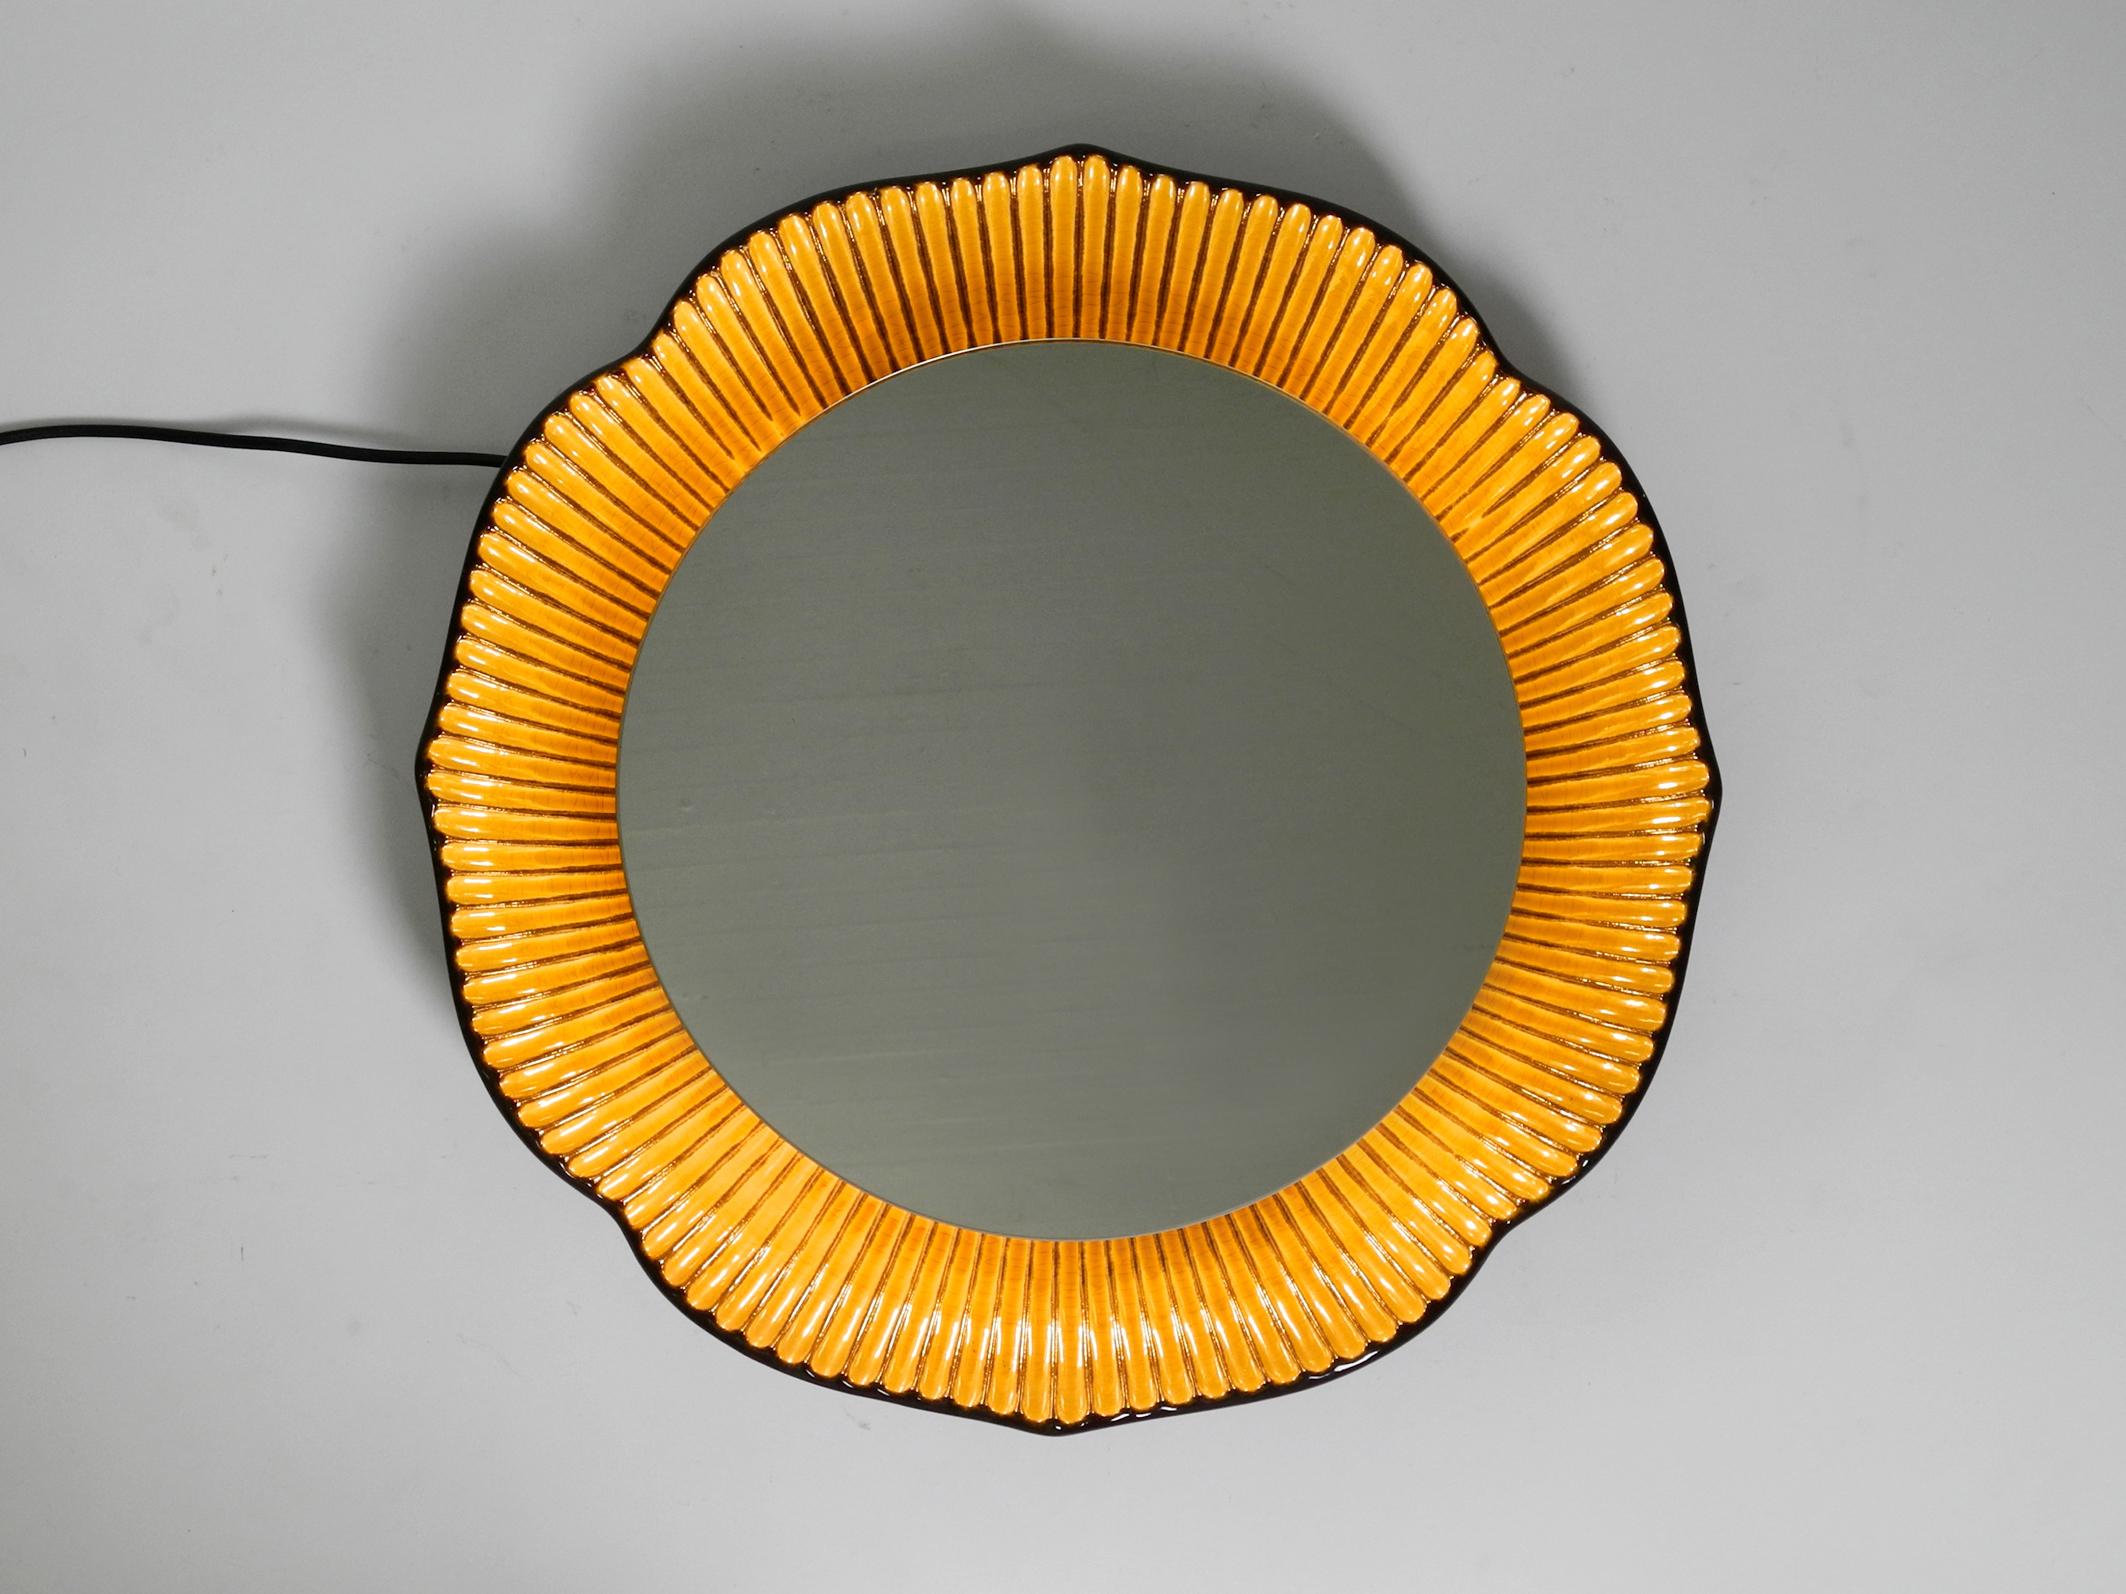 Large very beautiful illuminated ceramic wall mirror.
Extraordinary design made of ceramic coloured in brown and mustard-yellow.
Manufactured in the 1970s.
Very elaborately processed with many beautiful details. Minimalist design. Made in

------------------------------------

WHAT IS NEEDED: Every line above should be retyped exactly; the pictures do not belong in the copy.

OUTPUT FOR THIS TASK:
 Large very beautiful illuminated ceramic wall mirror.
Extraordinary design made of ceramic coloured in brown and mustard-yellow.
Manufactured in the 1970s.
Very elaborately processed with many beautiful details. Minimalist design. Made in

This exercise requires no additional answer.